* **Data excerpt**

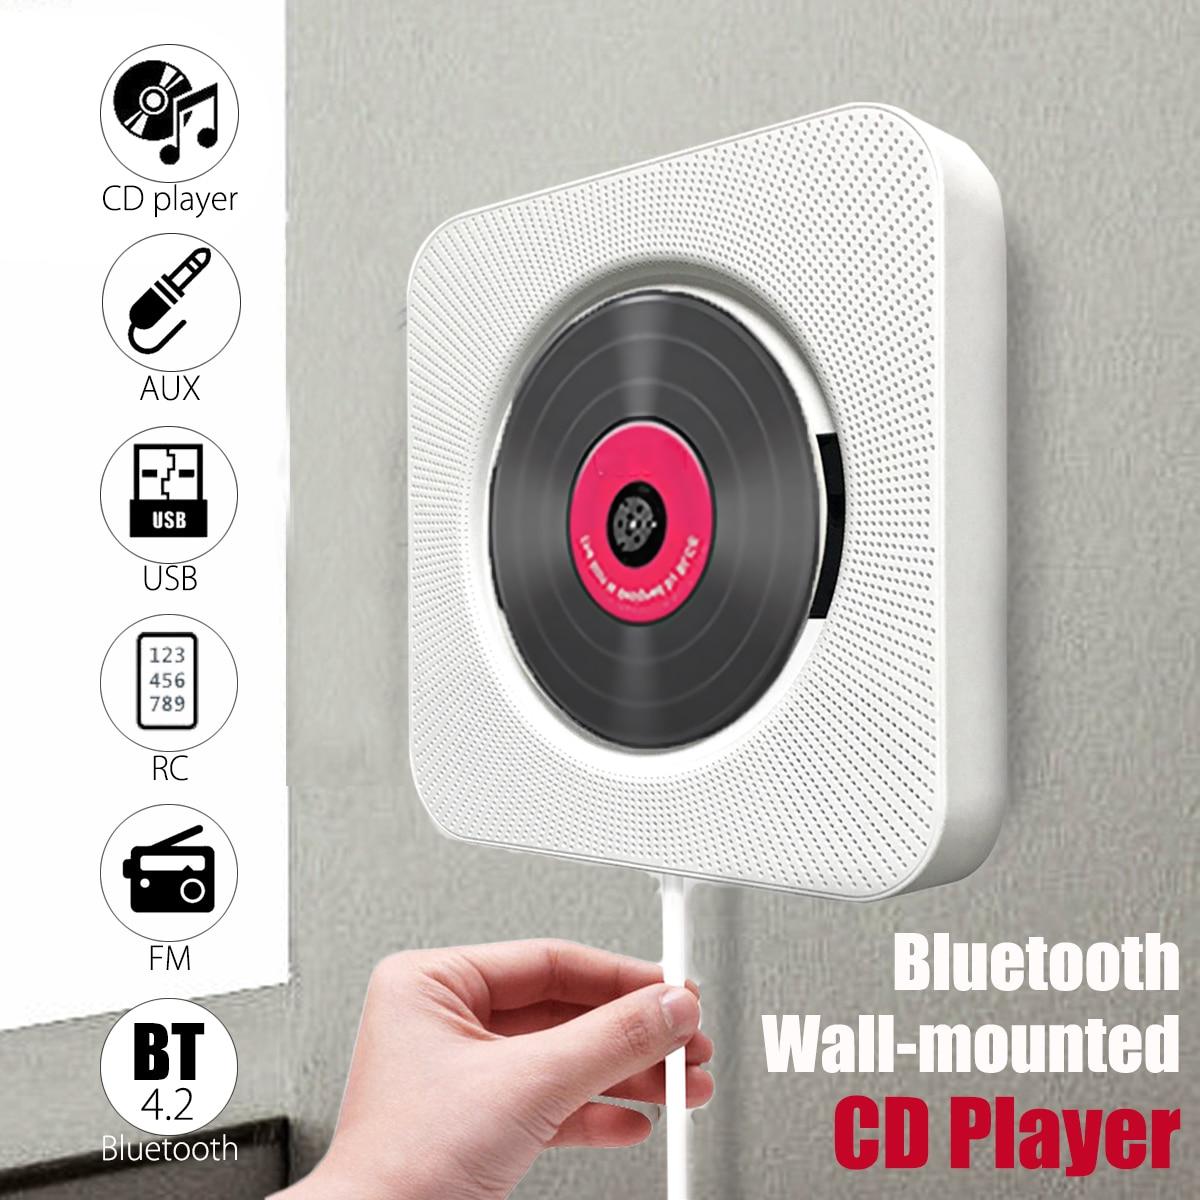 KINCO Portable Wall Mountable CD Player Bluetooth Speaker Music Player Remote Control HiFi FM Radio USB MP3 Stereo godovic wall cd player cd machine sound mp3 music player wall mount cd player portable with bluetooth remote control
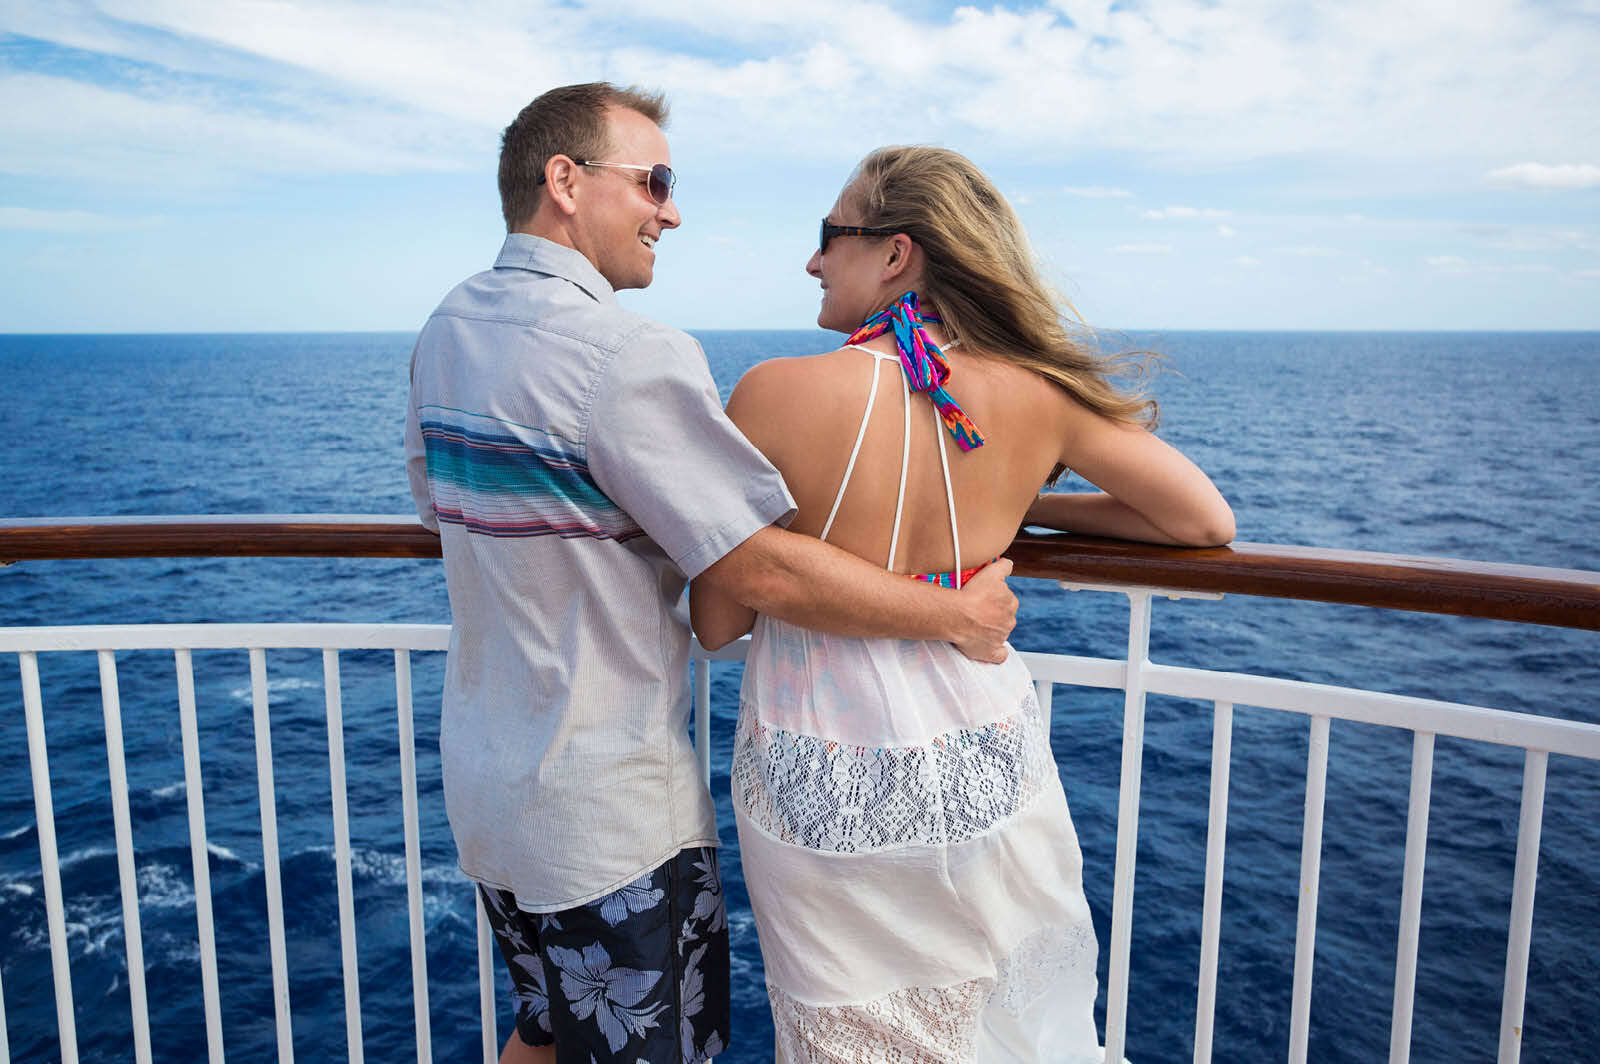 Travelbrands - $50 USD Onboard credit!
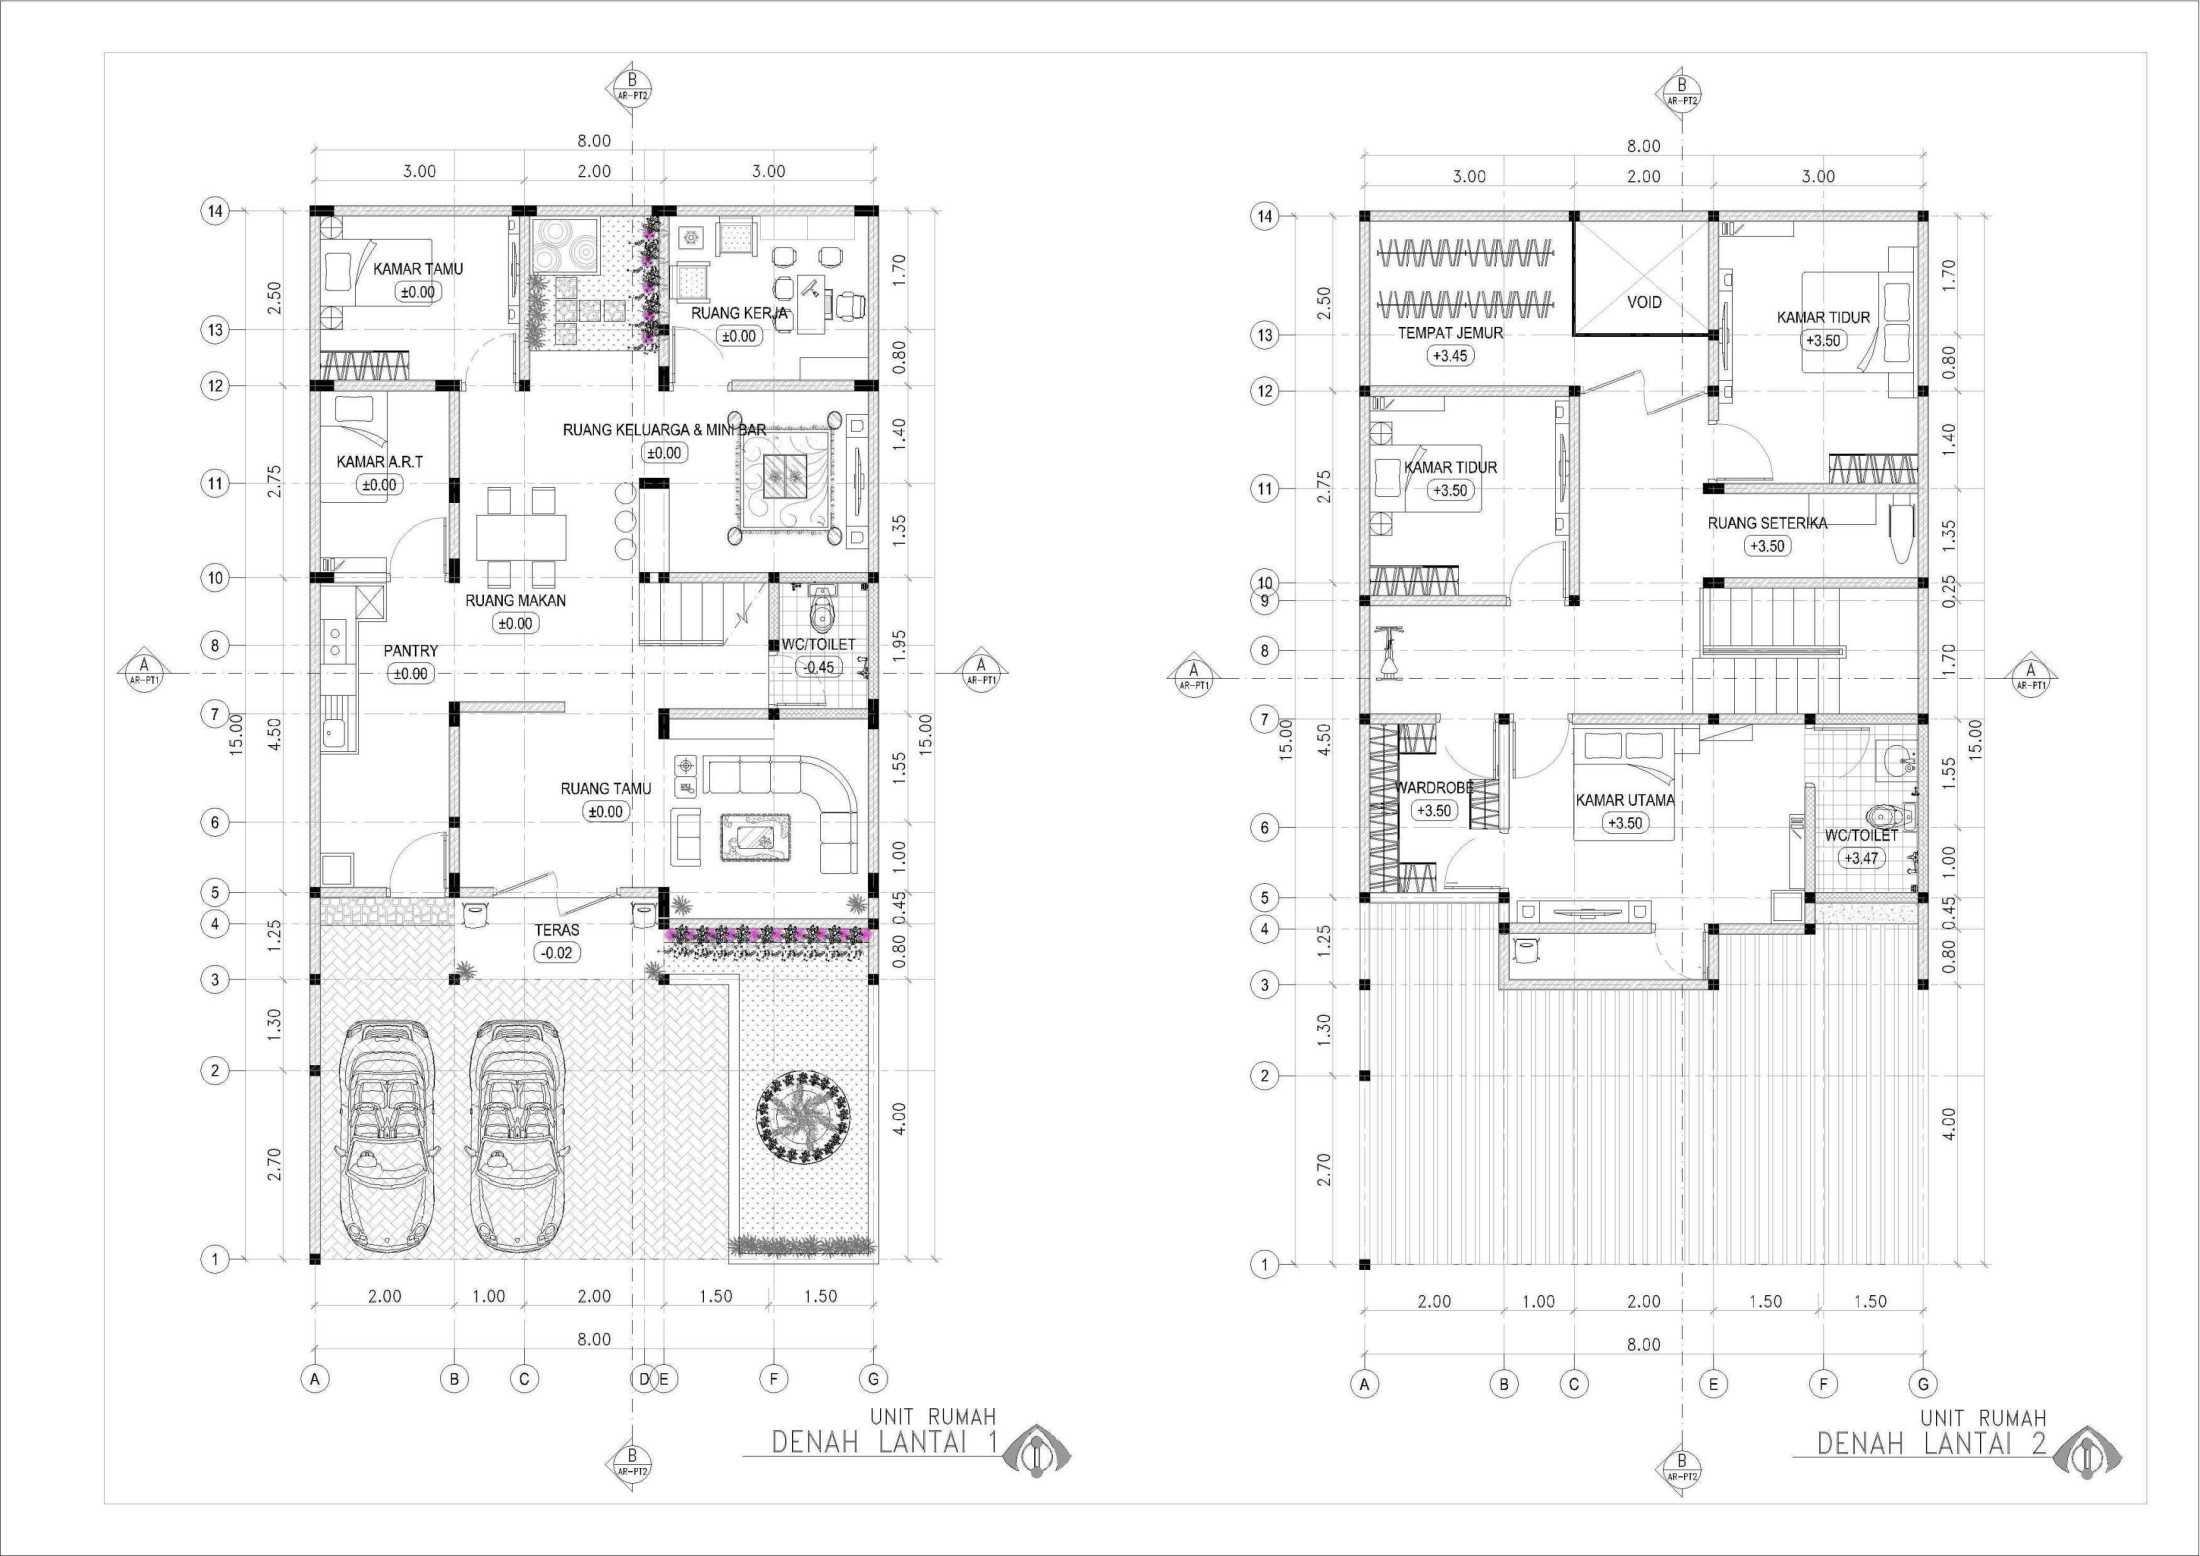 Nuansa Studio 24 Al House Cluster Victoria, Rw.2, Ujung Menteng, Cakung, Kota Jakarta Timur, Daerah Khusus Ibukota Jakarta, Indonesia Cluster Victoria, Rw.2, Ujung Menteng, Cakung, Kota Jakarta Timur, Daerah Khusus Ibukota Jakarta, Indonesia Nuansa-Studio-24-Al-House  70546

* **Exercise details**
Repeat the lines from the line containing "Travelbrands - $50 USD Onboard credit!" through the end of the material above exactly, with no pictures and nothing else.

* **Problem solution**
 Travelbrands - $50 USD Onboard credit!
 Nuansa Studio 24 Al House Cluster Victoria, Rw.2, Ujung Menteng, Cakung, Kota Jakarta Timur, Daerah Khusus Ibukota Jakarta, Indonesia Cluster Victoria, Rw.2, Ujung Menteng, Cakung, Kota Jakarta Timur, Daerah Khusus Ibukota Jakarta, Indonesia Nuansa-Studio-24-Al-House  70546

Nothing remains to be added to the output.